# Can I open a non-resident savings account in France



## billdavies63 (18 Jul 2011)

France may not be as strong as Germany but I guess it's a lot stronger than Ireland.  Is it possible to open a non-resident account?  Any particular bank, or particular problems?


----------



## chewchew (19 Jul 2011)

Banque populaire will open a non-reisdent account for you. I was thinking of putting my money there but was put off by the need to open a current account (with a monthly fee) and having to pay a fee to use internet banking. I also tried britline but they wanted proof of frequent travel to France before they'd open an account for me. 
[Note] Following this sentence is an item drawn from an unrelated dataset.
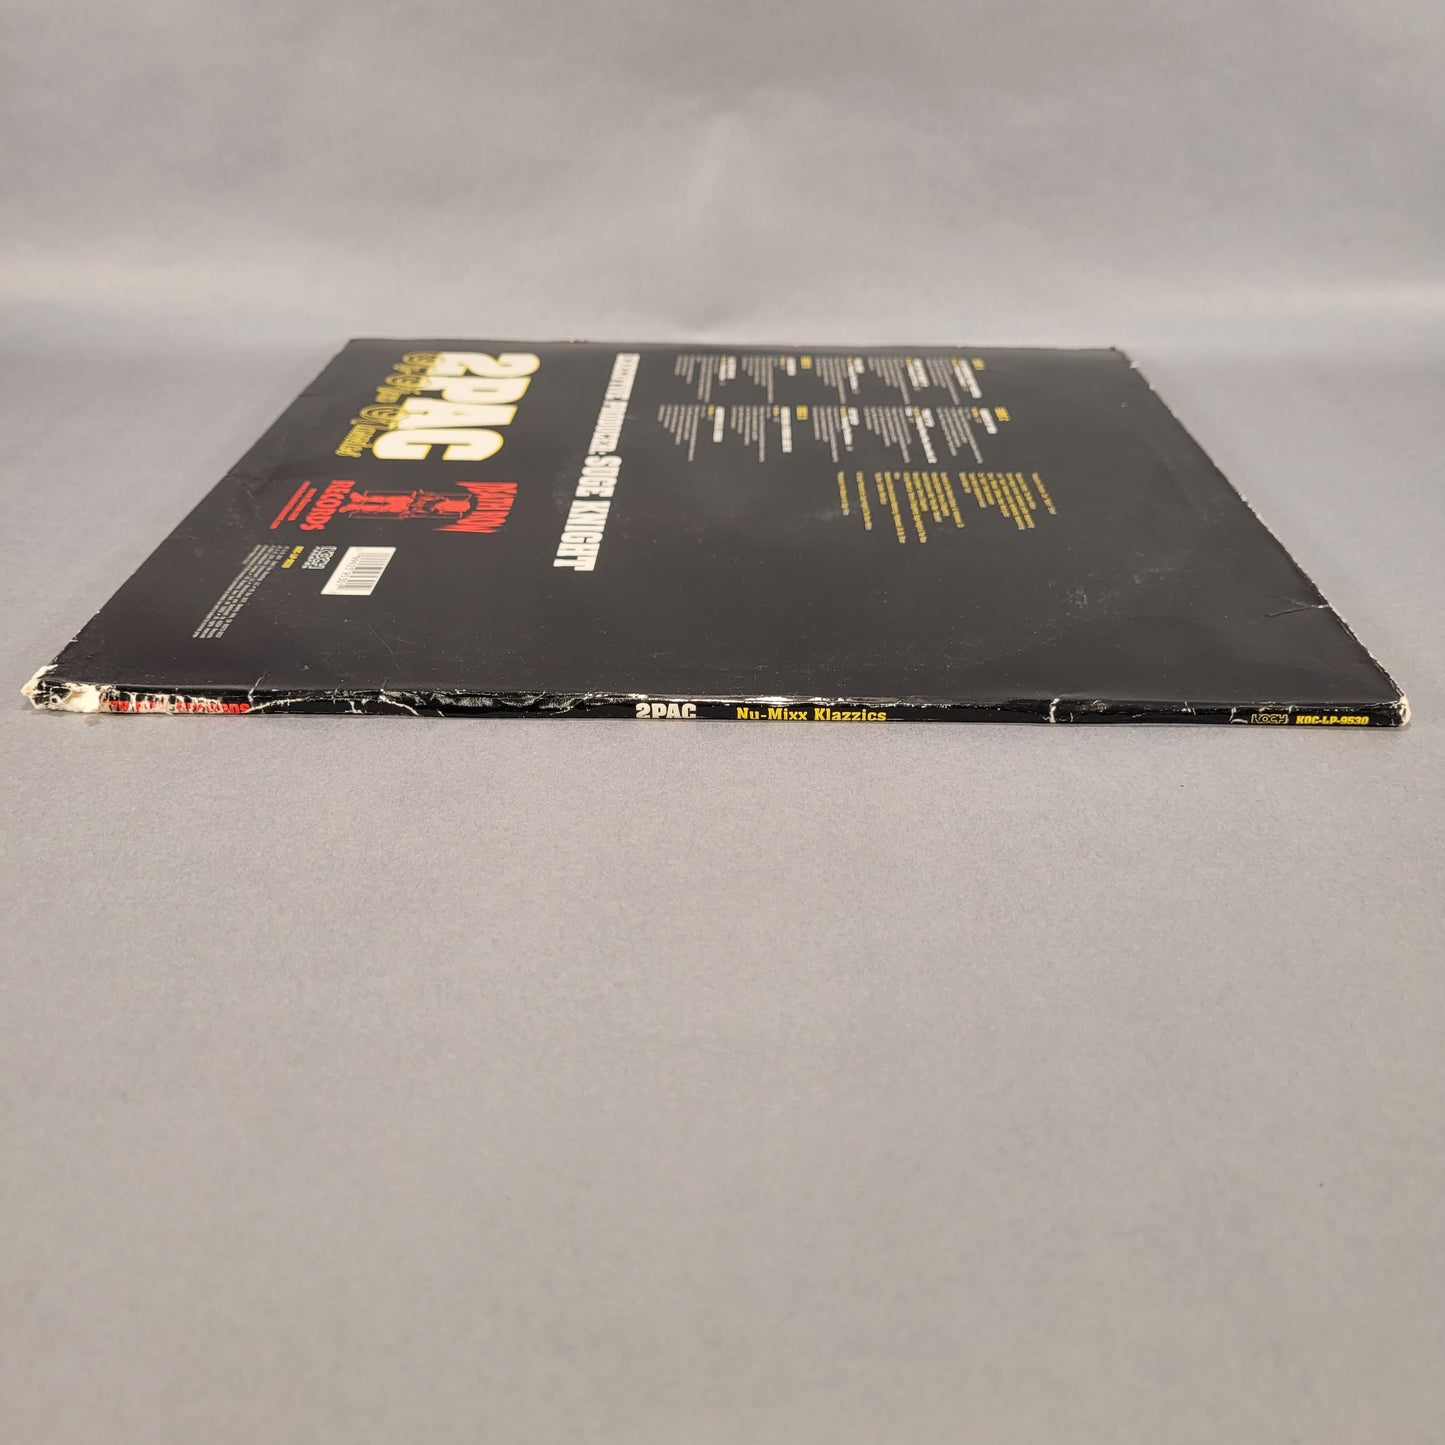 2Pac Nu-Mixx Klazzics Vinyl Record Album 2003 Release

Some more details in this thread

http://www.askaboutmoney.com/showthread.php?t=155454


----------



## rekhib (19 Jul 2011)

HSBC France will open a non-resident account for you as well. Very highly recommended.


----------



## Troy McClure (20 Jul 2011)

I opened accounts in Societe General and BNP on a visit to france. You can have non resident accounts. You need passport, proof of address (bills) and I think in the case of BNP I had to have a Irish bank statement with a bank stamp on it. I also brought a tax clearance cert.
You might want to make an appointment in the branch your hope to visit and ask for English speaker if thats an issue. Whole thing took a couple of hours. I dont pay fees as I only wanted online accounts without cards/chequebooks


----------



## bryanod (20 Jul 2011)

That the same Societe generale that scrapped through the stress tests and is believed to need a load of capital as they own loads of soverign debt?


----------



## bemmi (20 Jul 2011)

*do you need to be there in person?*

Do you need to attend in person to open an account with:


HSBC France, and/or
Banque Populaire?


----------



## Troy McClure (24 Jul 2011)

bryanod said:


> That the same Societe generale that scrapped through the stress tests and is believed to need a load of capital as they own loads of soverign debt?


 
Scrape through is a bit extreme. What European bank is not exposed do you mind me asking? They all are, and it's the ones that are quiet about it I would worry about more. The only way SG are more exposed than others is the fact that they own a greek bank. This bank also passed the test.
You can leave your money in Ireland if you wish but I will take SG and BNP.


----------



## chewchew (24 Jul 2011)

bemmi said:


> Do you need to attend in person to open an account with:
> 
> 
> HSBC France, and/or
> Banque Populaire?


 

You can open an account with Banque populaire via correspondance, I'm not sure about HSBC.


----------



## Daisy2012 (25 Jul 2011)

Banque populaire in Nice has an international branch and they are great. [broken link removed]


----------



## rekhib (25 Jul 2011)

No need to visit HSBC in person, they'll do it all via email / post / fax. They have an int'l branch in Nice as well on Rue Gubernatis.


----------



## farmerette (25 Jul 2011)

hsbc are a horrible bank to deal with , they shaft you at every turn with exhorbinant fees and dont get me started on thier forex rates


----------



## sixshooter (25 Jul 2011)

Troy McClure said:


> I opened accounts in Societe General and BNP on a visit to france. You can have non resident accounts. You need passport, proof of address (bills) and I think in the case of BNP I had to have a Irish bank statement with a bank stamp on it. I also brought a tax clearance cert.
> You might want to make an appointment in the branch your hope to visit and ask for English speaker if thats an issue. Whole thing took a couple of hours. I dont pay fees as I only wanted online accounts without cards/chequebooks


 
Hi Troy, 
What are the interest rates and charges (if any) for their savings accounts?
Thanks,
John


----------



## Troy McClure (25 Jul 2011)

I just have internet banking. With no cards or chequebook there are no fees. Interest rates are low, around the 2% mark.


----------



## vipera1 (26 Jul 2011)

Troy McClure said:


> I just have internet banking. With no cards or chequebook there are no fees. Interest rates are low, around the 2% mark.


 
Hi Troy, are you referring to BNP or S.G. I am interested in internet banking without cards or chequebook...and no fees. I'm going to France shortly, and will open such an account. Many thanks


----------



## Troy McClure (26 Jul 2011)

Both, you might want to contact branch to make an appointment for the day your there. I was lucky to get a slot on walking in while in St Etienne, but they are very breaucratic over there so bring more than you think and allow a couple of hours for the appointment.


----------



## vipera1 (28 Jul 2011)

Thanks Troy, will let you know how I get on. Regards,
Paul


----------